Old Grema saw King Velad several times with her own eyes and told me that he was a good king because he was a raised as a commoner. His mother was a commoner too, the woman the Old King loved but could not marry, for fear of losing a very important political alliance. It was only when the King grew ill in his older days after a battle wound refused to heal properly, that it became known that had had produced an heir: Velad.

“Velad Carmaltami was a good king,” Old Grema would say, “because he knew what life is like for us little people. But his son, and his grandson, and his great grandson? With each generation they became more removed from our reality. That’s what happens when you grow up in a palace and food is served to you on plates of gold. Each son grew up in comfort, wanting for nothing. But with the child king, ah …”

Old Grema would pause, and then say: “Peace will be his doom.”

“The peace is a blessing from the heavens!” my father would growl, always quick to get angry if someone didn’t properly honour the sacrifice of his three sons who died in battle.
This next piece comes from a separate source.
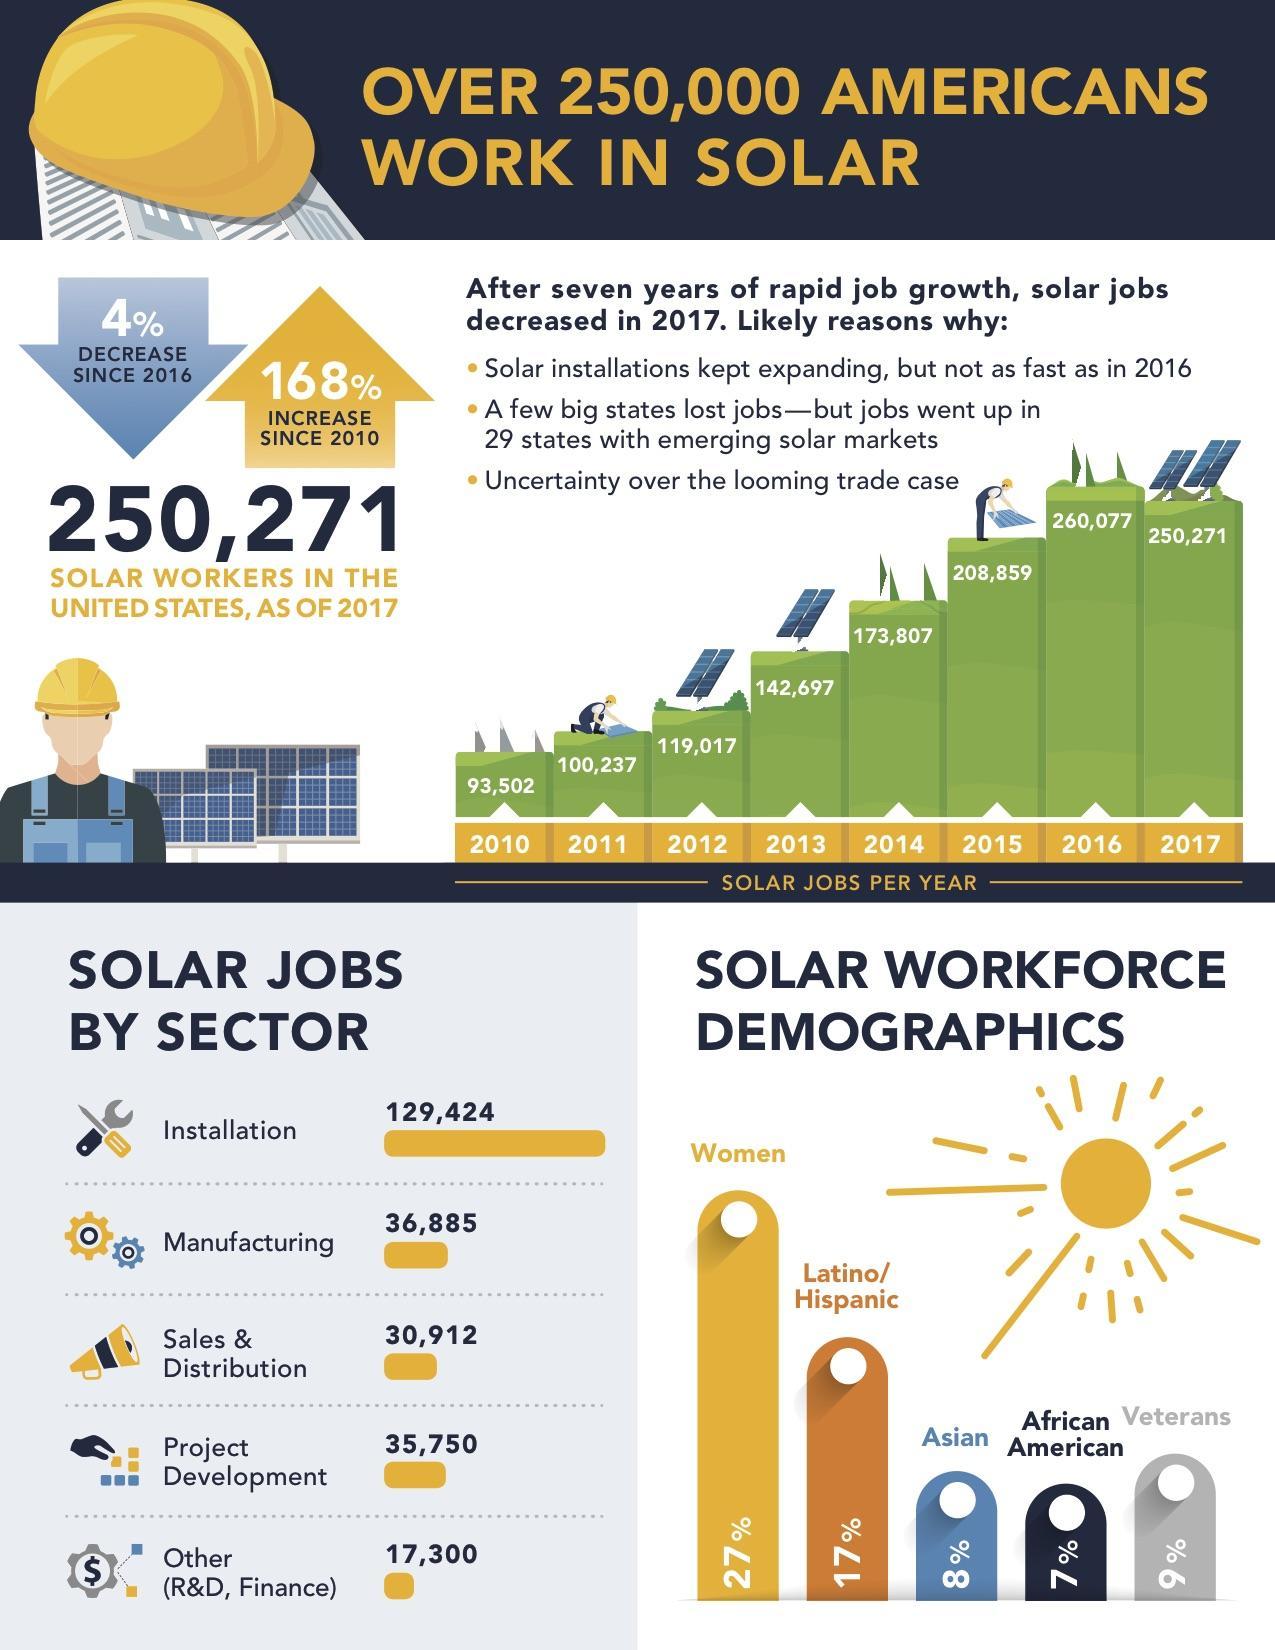 Solar Jobs Down in California, Nevada   KUNR
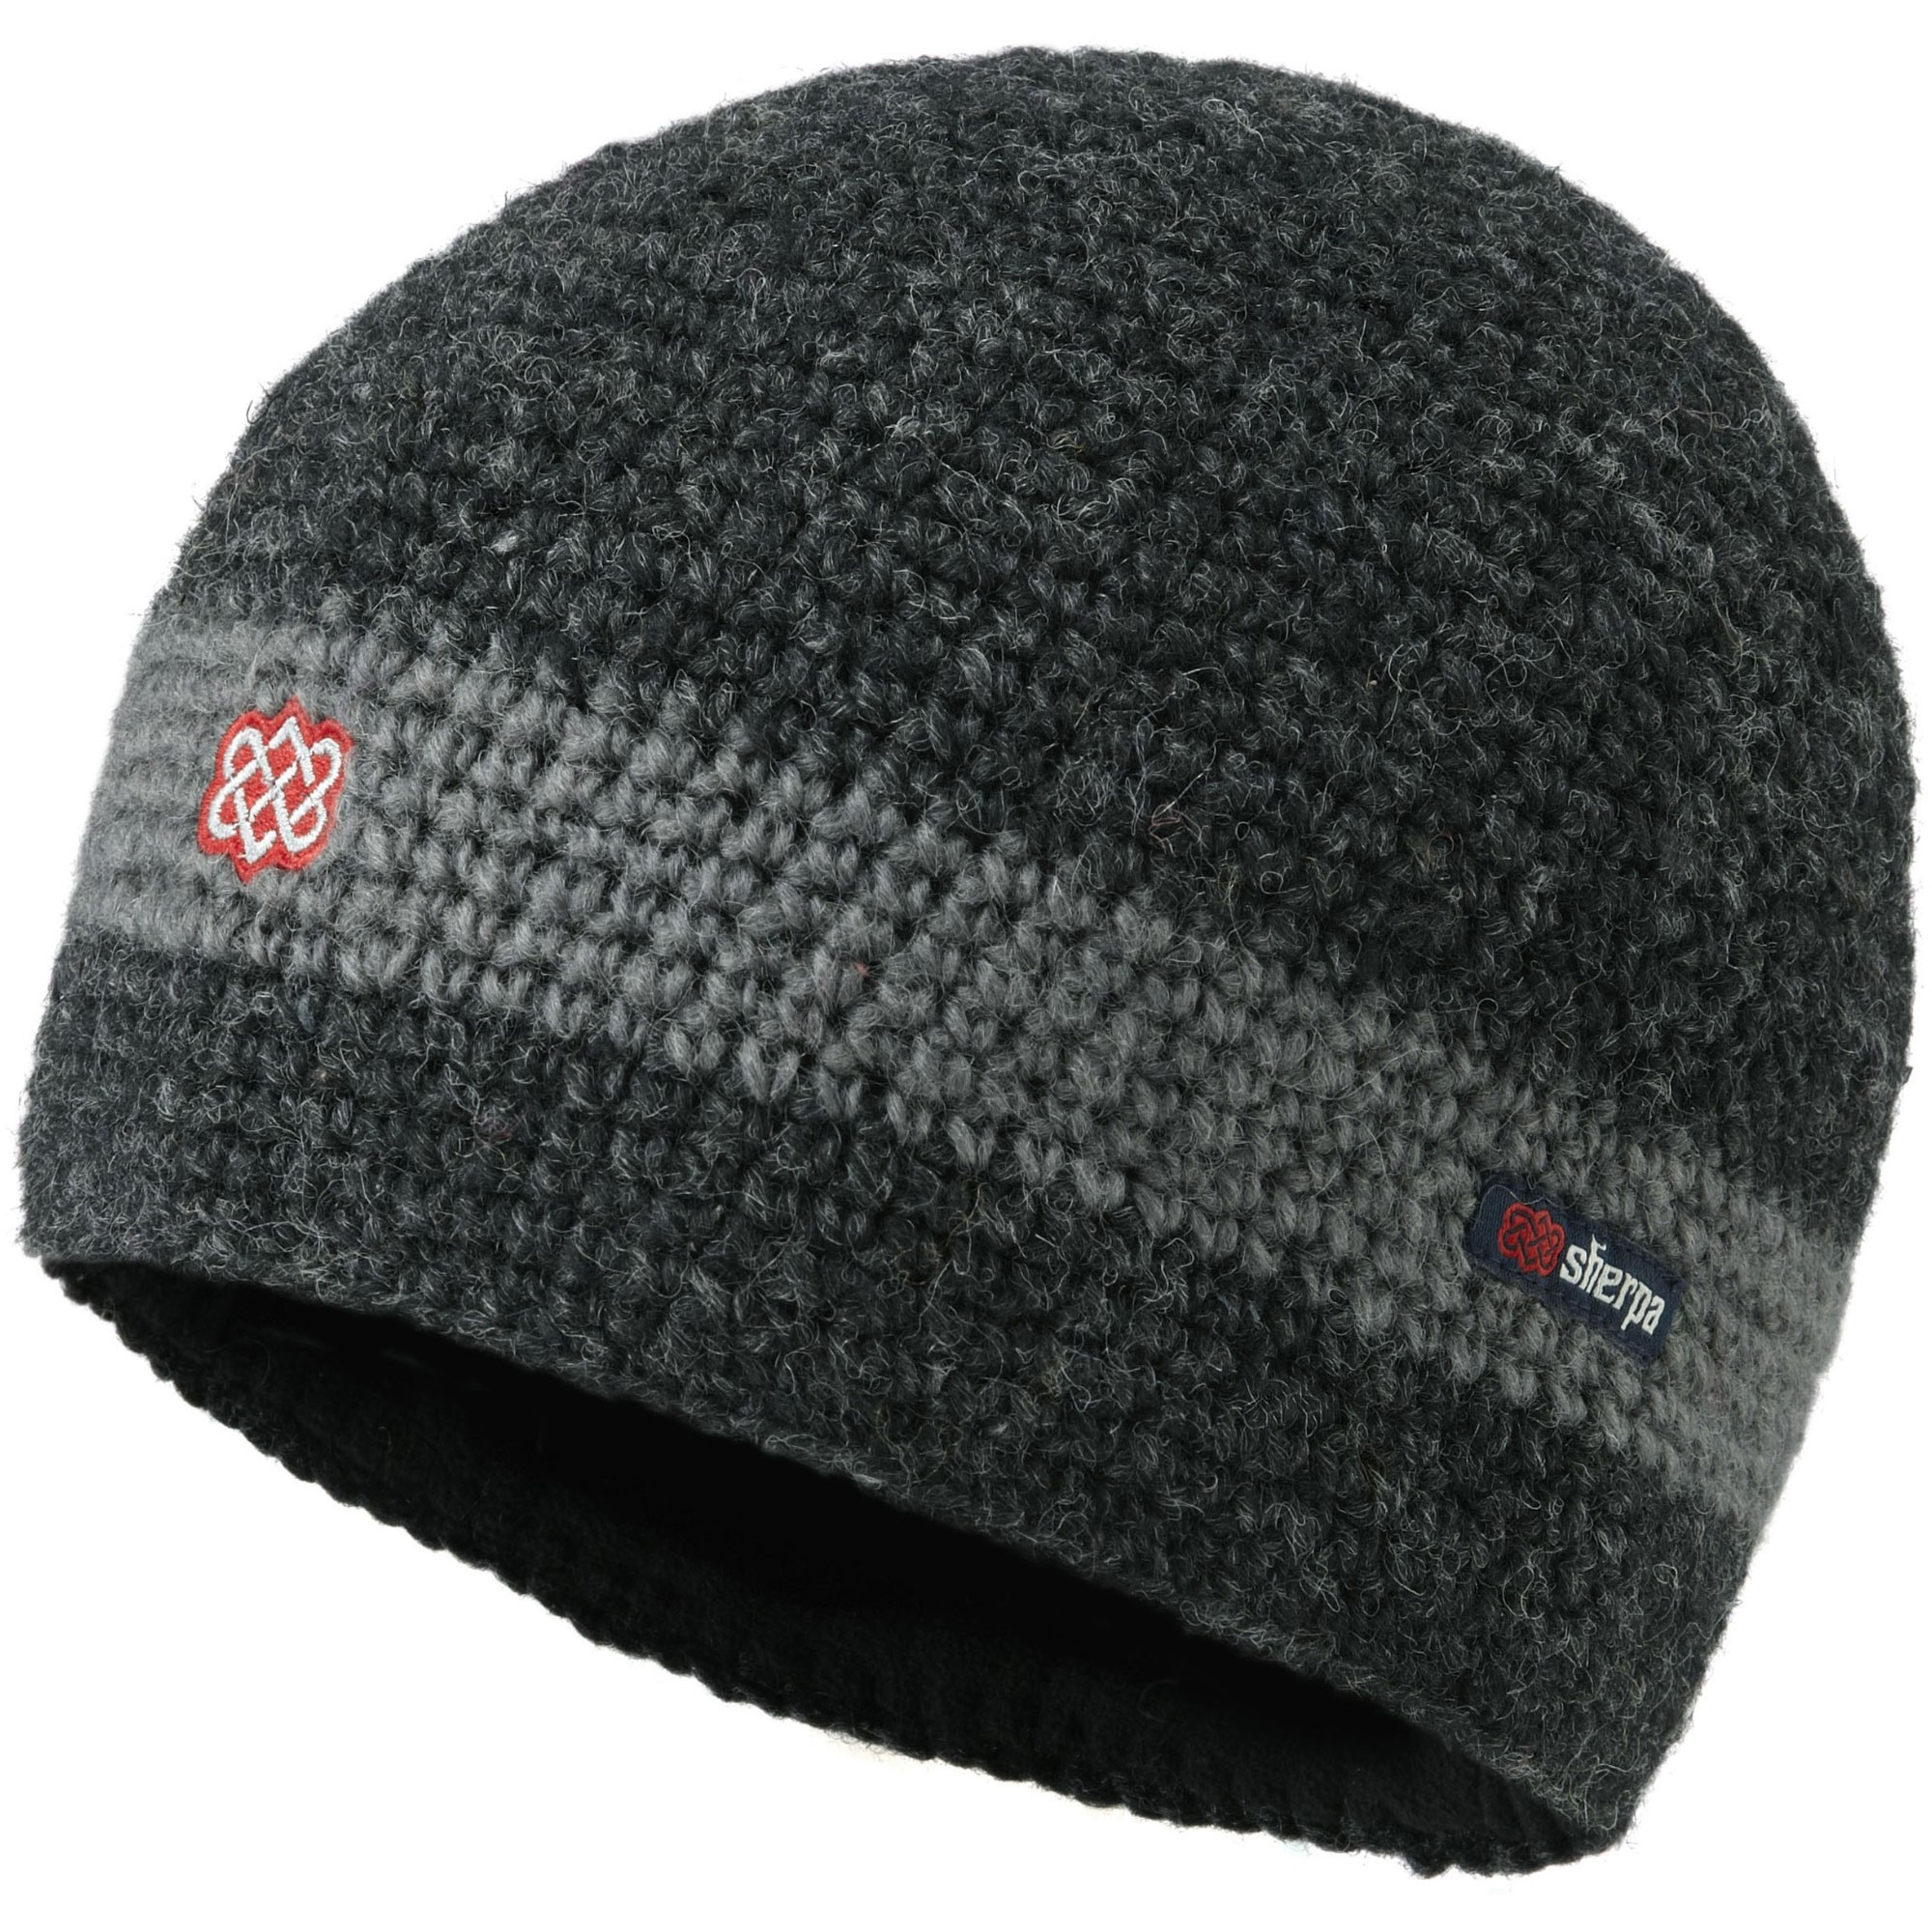 Sherpa Renzing Hat - Monsoon Grey

“Do you have any silver hairs?” Old Grema would reply, almost lazily. She trusted in the authority her legendary age gave her. “What do you know? When I was young, I did as you are now doing, you who listen to me. I listened to those with silver hair. And I learned. I learned that times of peace are only appreciated and guarded with wisdom by those who are aware of how costly it is. A soldier who survives the war will be grateful, like you are, my son.”

My father would grunt and look away.

“But a boy who grows up in times where there is no war will be arrogant,” Old Grema said. “That’s why the peace is the King’s doom.”

She was right. Even my father acknowledges that now, now that his own hair is turning silver and the knife of time has carved deep marks in his face. King Tarim, having grown up protected and comfortable and dressed in silks, hearing of pain and war only in the shape of stories, and constantly told he was the the bravest, strongest and most honourable man in the world, only wanted more.

Old Grema said it would start with the taxes. Then revolts and rebellions will follow, and then, a shift of some sort, for better or for worse.

“There might still yet be hope, but don’t be lazy or foolish. Silver hair is a crown rarely given to the undeserving.”

I am still only a young woman, but today as I combed through my hair with my fingers, I found my first grey hair strand. I held it in my hand like a treasure, until it was caught in the wind and disappeared.